TRACK: There appears to be a consensus that Baruch can do more to advertise and support the humanities they offer. Emery Peralta, a Journalism major at Baruch, agrees. She first came to Baruch as a management major but at the beginning of sophomore year made the switch to Weissman.

ACT: I made the decision to switch because I had a friend, multiple friends who were liberal arts majors, and one of them, in particular, told me he felt like I would be a better fit because I was debating on leaving the school altogether so he told me to give it a try, give the new major a shot for a semester and see if I fit in more there.

TRACK: If it wasn’t for that friend, Peralta believes she could have very well decided to leave Baruch. Because promotion was so heavily focused on Zicklin she wasn’t very exposed to the options Weisman and Marxe offered.

ACT: All the people that I knew aside from two friends were all business majors, I knew they had clubs but I also didn’t see those advertised a lot so no not really, everything I was seeing mainly was business-focused.

TRACK: Since Peralta has changed schools, she has noticed a difference between the resources at Zicklin and Weisman.

ACT: I feel like we have a very limited selection, although some of the classes are really fun and the teachers are really great we just don’t have the same catalog of things to choose from. If you go onto degree works it says that these are all the courses we have available usually almost always, everytime I go to register for the ones I want, the really really fun ones aren’t available.

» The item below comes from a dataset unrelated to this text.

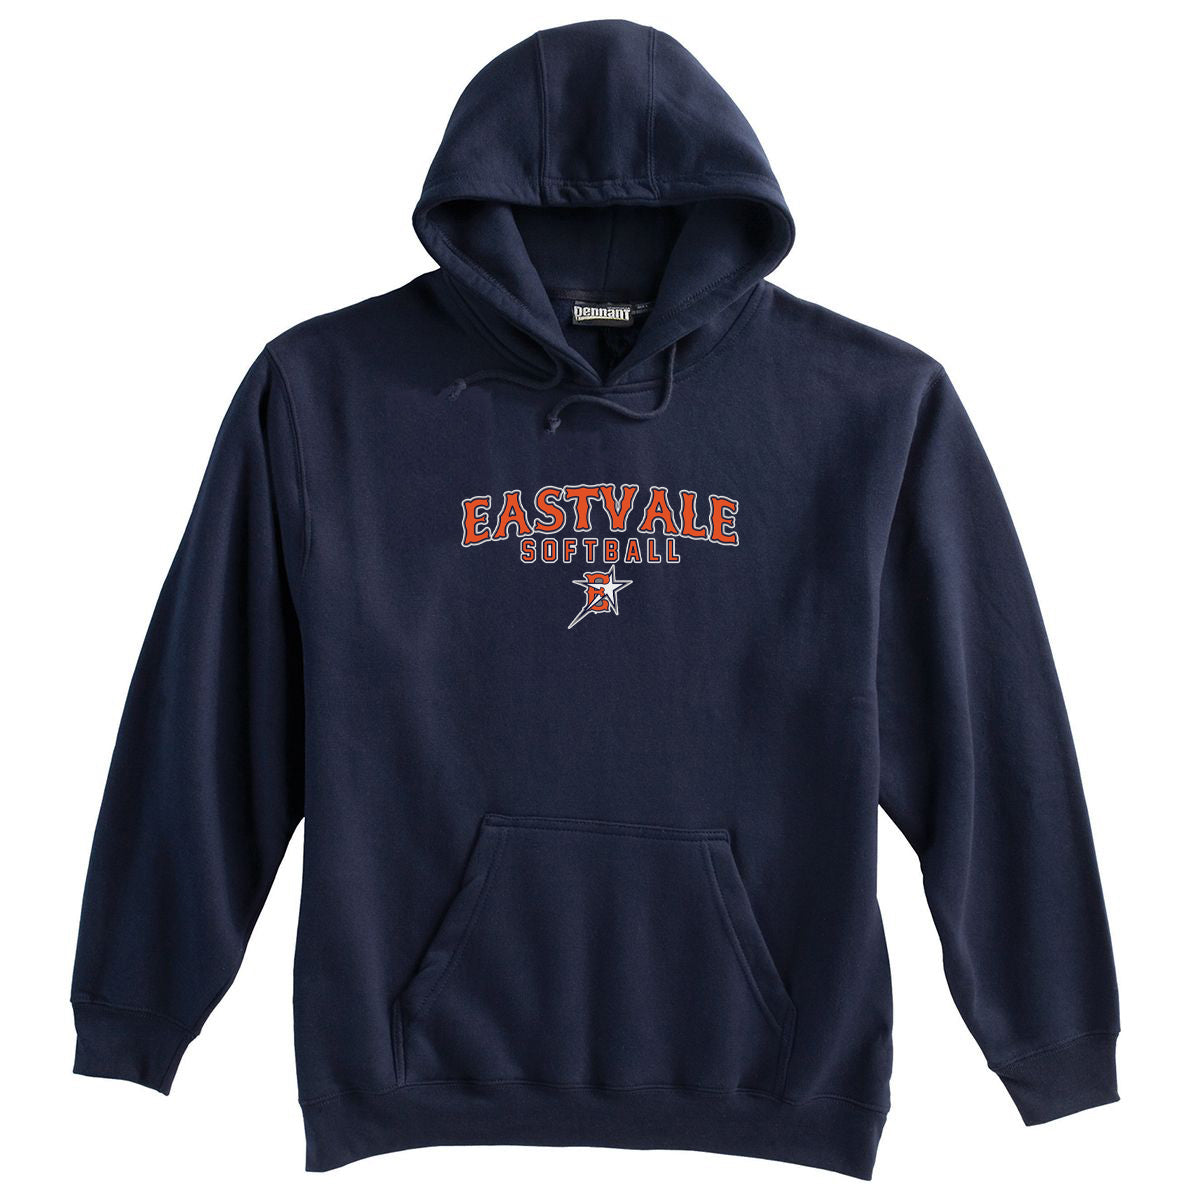 Eastvale Girl's Softball Sweatshirt

TRACK: A solution Peralta suggests is an increase in staffing that would help expand the course options. Allowing liberal arts students, a similar variety afforded to their business counterparts. Nathan Fletcher, a professor at the department of fine and performing arts had a similar proposal. Fletcher is new to Baruch and on Tuesdays and Thursdays, he teaches a Harmony 1 class. Where each student has a desk with a keyboard.

ACT: In my classroom, as you can see we have probably close to 20 keyboards these are great to have especially for a music theory course so that the curriculum doesn’t have to be so abstract and theoretical. If a student wants to experience the music in a tactile way and also listen to it they can play the keyboard in front of them

TRACK: Often those passing by in the hallways can hear the class as Fletcher and his students play. Attracting a lot of attention.

ACT: Thus far in my time here is people walking by this room and peaking in and being like oh my god what is this what are these there are pianos here. People are very surprised. I wish there were a way and I’ve had conversations with students about this. I wish there was a way for more pianos to be more accessible to more students outside the context of what is required for class. I know that I have students and have met students who might not be in my class but are involved in music and they wanna have access to instruments.

TRACK: Fletcher believes this access will help students explore a side to them they may not even know they have. But he hopes this can also be achieved by other means like on-campus events that would encourage students to look into the music courses Baruch has to offer.

ACT: Today was great for that because we had a concert in the plaza. We had 11 acts all different musical styles were represented and it was great.

TRACK: It can be said that whether it’s staffing, course options, clubs or events there are ways that Baruch can further support their liberal arts programs and extracurriculars. Allowing for every student to nurture outside interests and further enrich their education, whether they attend Weissman, Marxe, or Zicklin.